NMSG is much more flexible since it's designed to be a generic container
format. one of the formats it supports is an NCAP-analogue, but
unfortunately it uses the exact same IP reassembly code as libncap.
we're planning to replace the capture reassembly code with collation
code (and a corresponding format change) so that the original stream of
fragments can be preserved at message write time. at message read time,
we'll still support an interface that returns reassembled datagrams as
well as a lower level interface that extracts the original packets.
this change will also make it easier to finally support TCP.
but these are core implementation details and shouldn't really affect
analysis being done out at the periphery, where all you need is the
pointer to the start of a DNS message and its length. porting such
filter code to a new framework shouldn't take much time at all.
> Which makes me extremely disappointed to hear that ncap is going into
> maintenance mode. Is there _any_ chance that the nmesg stuff can be
> rolled into the ncap suite, and essentially become another input pipe
> into ncaptool?
none at all; in fact it will probably be the other way around. the
libncap/ncaptool API simply isn't expressive or granular enough to
support what nmsg can support. on the drawing board (once the libnmsg
core is "finalized") is a purpose-built DNS capture and filtering and
analysis tool to replace ncaptool and dnscap and pcapdump and tshark.

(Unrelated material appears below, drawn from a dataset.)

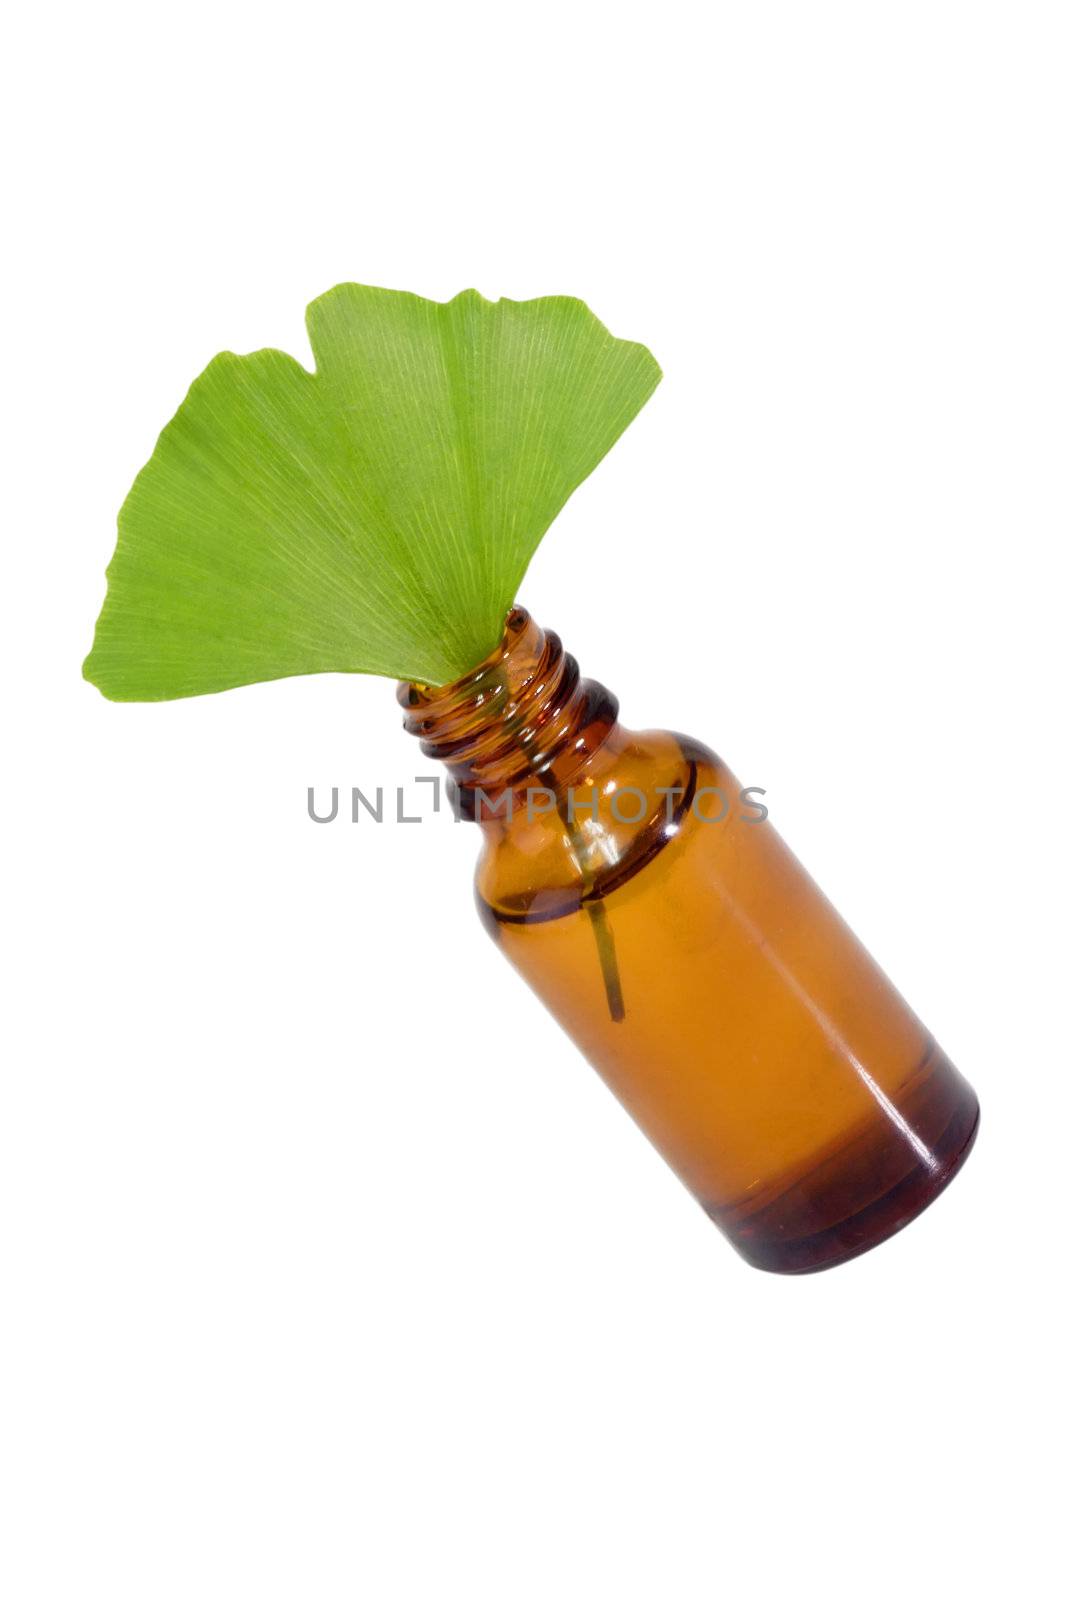 Fresh Ginkgo Biloba leaf with a brown medicine bottle.

(perhaps it should have its own mailing list? since we're veering
off-topic for dns-operations.) it will support reading from pcap, ncap,
or nmsg sources. it will have its own filtering language with a proper
grammar rather than the filter hacks that we have in ncaptool and dnscap
right now, and it will be embeddable as a library. it will support
boolean predicates and be able to load filter code from external
modules. (in contrast, ncaptool's filter modules are just chained
together.)
rolling anything into the "ncap suite" is fraught with peril; there's
only one person who can really understand ncap_create.c. libncap can't
really be embedded in an application; you have to use the dlopen() hack
in ncaptool to interface with external code. IMHO much of the code in
ncaptool should have been in the library instead, and in nmsg in fact
nmsgtool is simply a driver for libnmsg.
i can't stress enough the fact that ncap's modularity came about as my
first assignment at ISC, which was to take the original 2007-2008
version of ncap and an internal fork and unfork them, which i did by
inserting the minimum number of hooks into ncaptool and making them
accessible to dlopen()ed hunks of code.
> I _really_ want to see ncap grow into an open source pluggable dns
> analysis tool suite, I'd hate to have to branch off and build stuff on
> our own.
so do we, but we're going to rewrite rather than extend. NCAP only
allows us to represent complete DNS messages. with NMSG we're planning
on defining new message formats that allow us to store e.g. individual
RRsets along with metadata. for instance, imagine a recursive DNS
server that has been modified to send out "diffs" of its RRset cache
(insertions, expirations, replacements, and perhaps discards) in
real-time. you'd be able to build an audit trail of the internal state
of a DNS cache rather than trying to infer its state based on observing
the network layer as you have to do with ncap/pcap.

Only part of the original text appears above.